[Data to process]:
++++++++
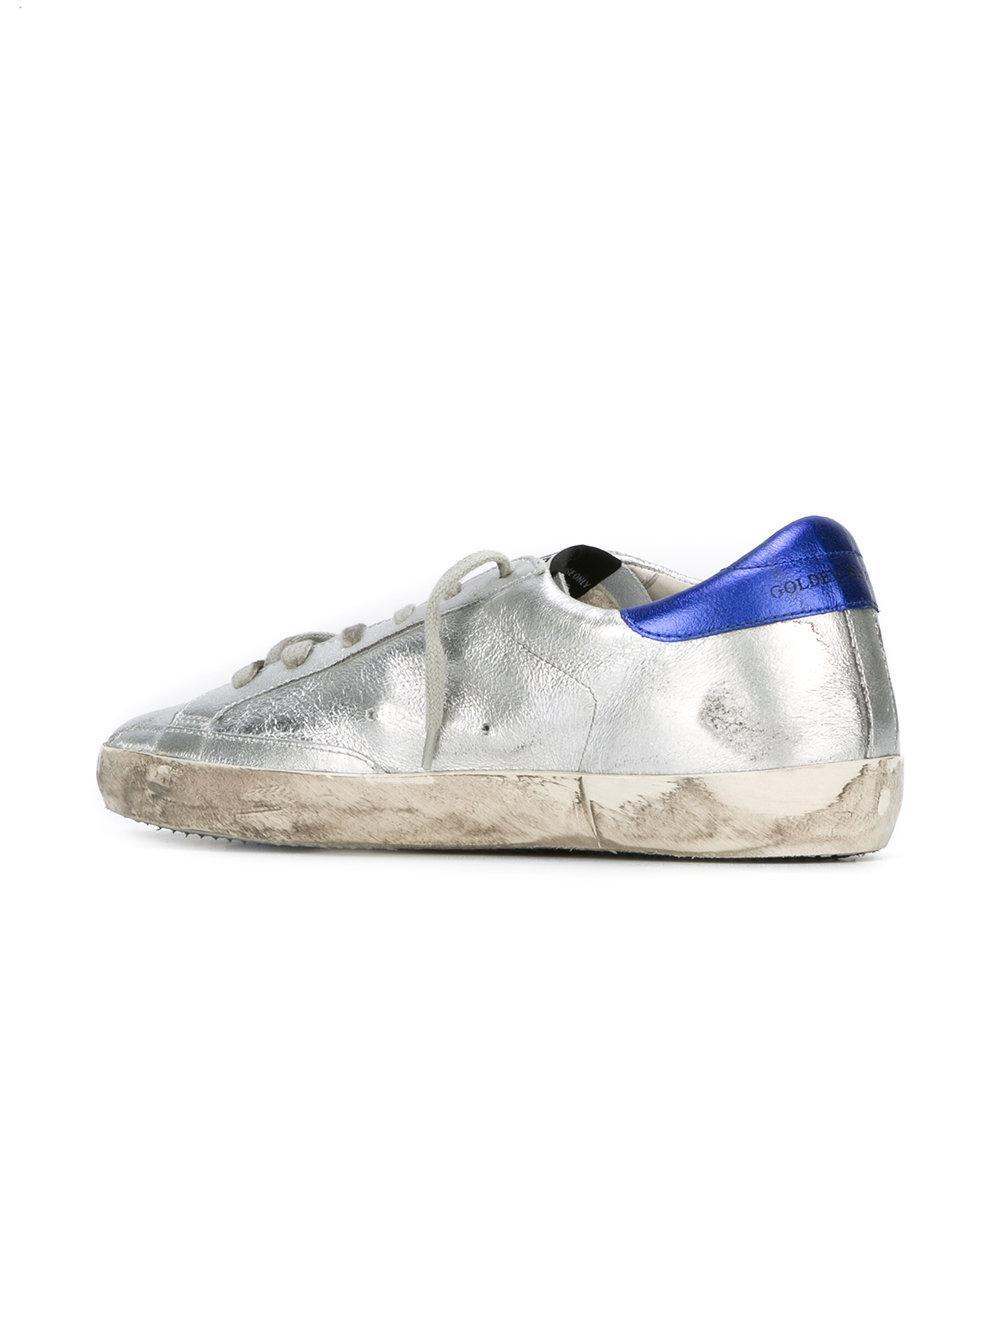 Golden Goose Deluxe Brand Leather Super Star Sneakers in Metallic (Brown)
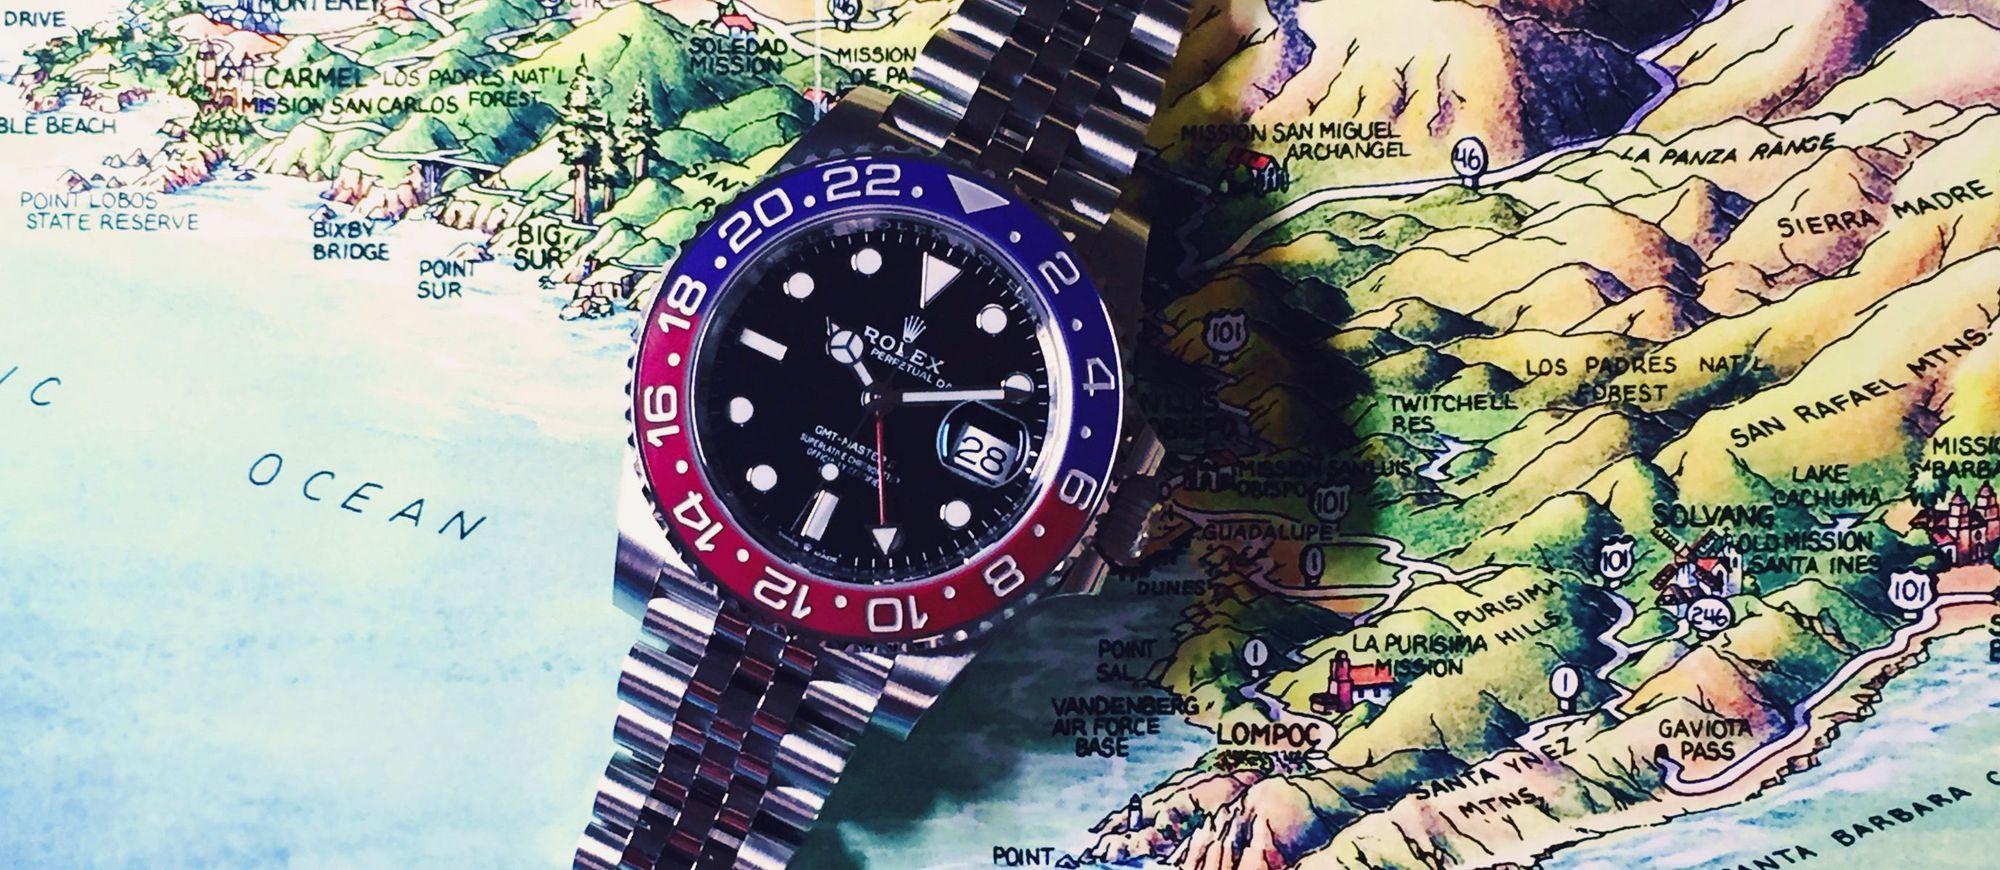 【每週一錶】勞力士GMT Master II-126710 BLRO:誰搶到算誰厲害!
++++++++
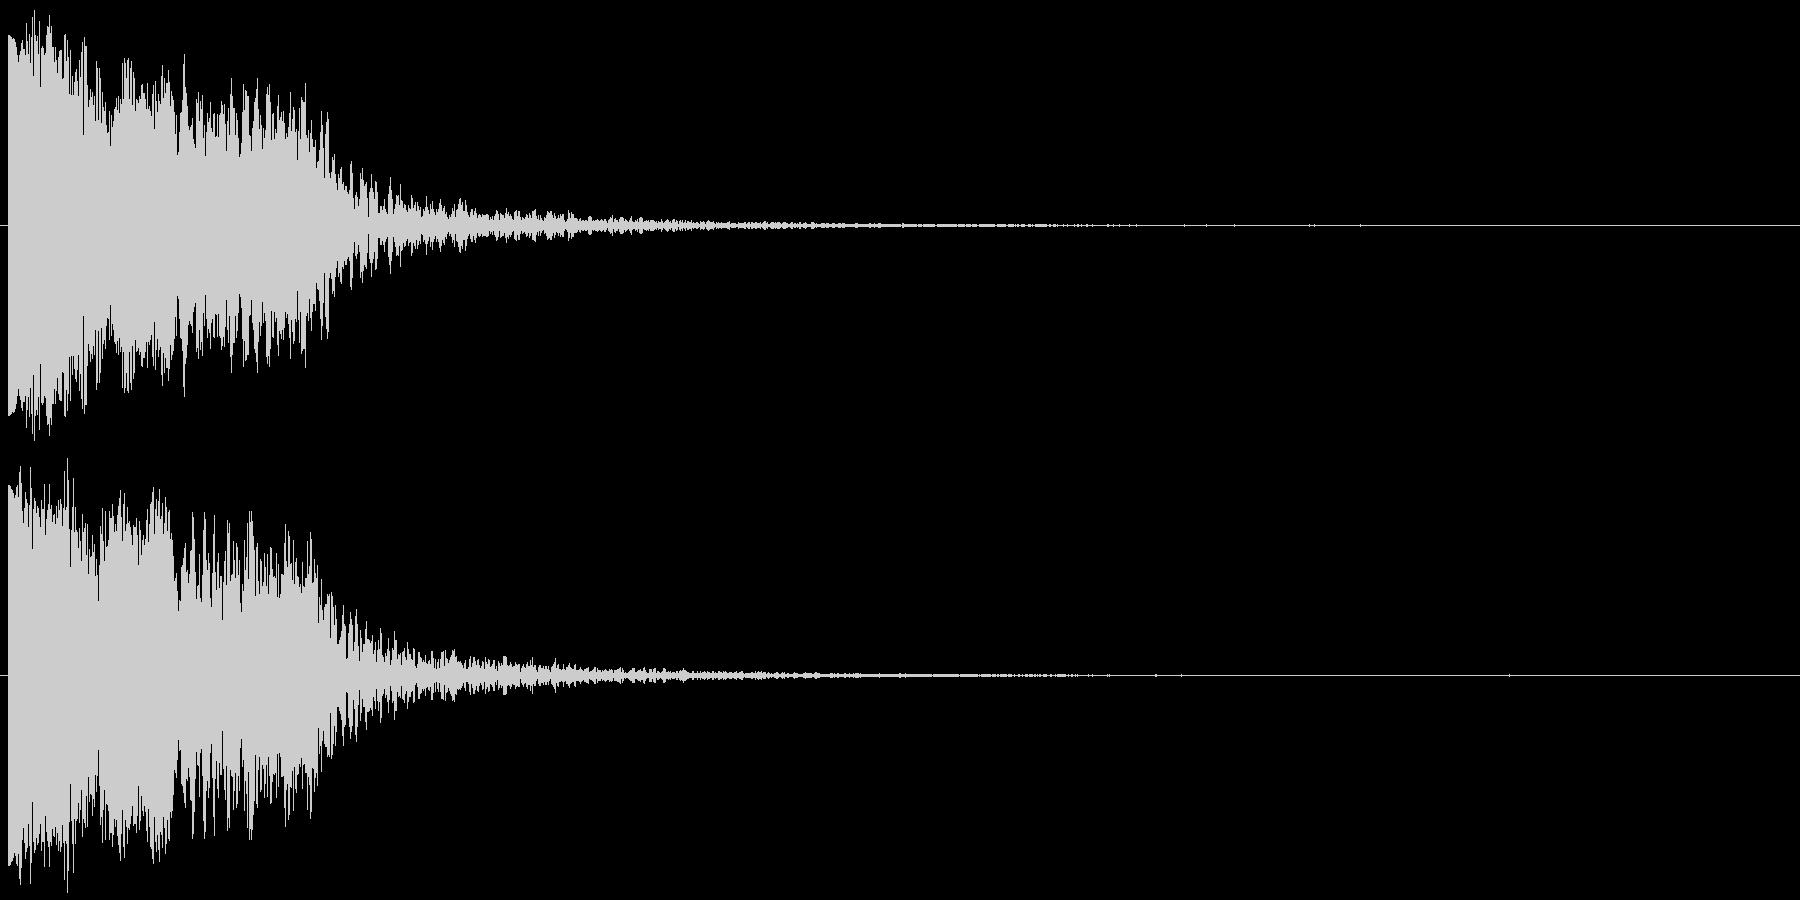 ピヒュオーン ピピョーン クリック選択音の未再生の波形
++++++++
[What is expected]:
Starting at the line above that holds "Golden Goose Deluxe", repeat every line exactly down to and including the line that holds "Master II-126710 BLRO:誰搶到算誰厲害!", then stop. Do not carry over any pictures.

[Written solution]:
 Golden Goose Deluxe Brand Leather Super Star Sneakers in Metallic (Brown)
 【每週一錶】勞力士GMT Master II-126710 BLRO:誰搶到算誰厲害!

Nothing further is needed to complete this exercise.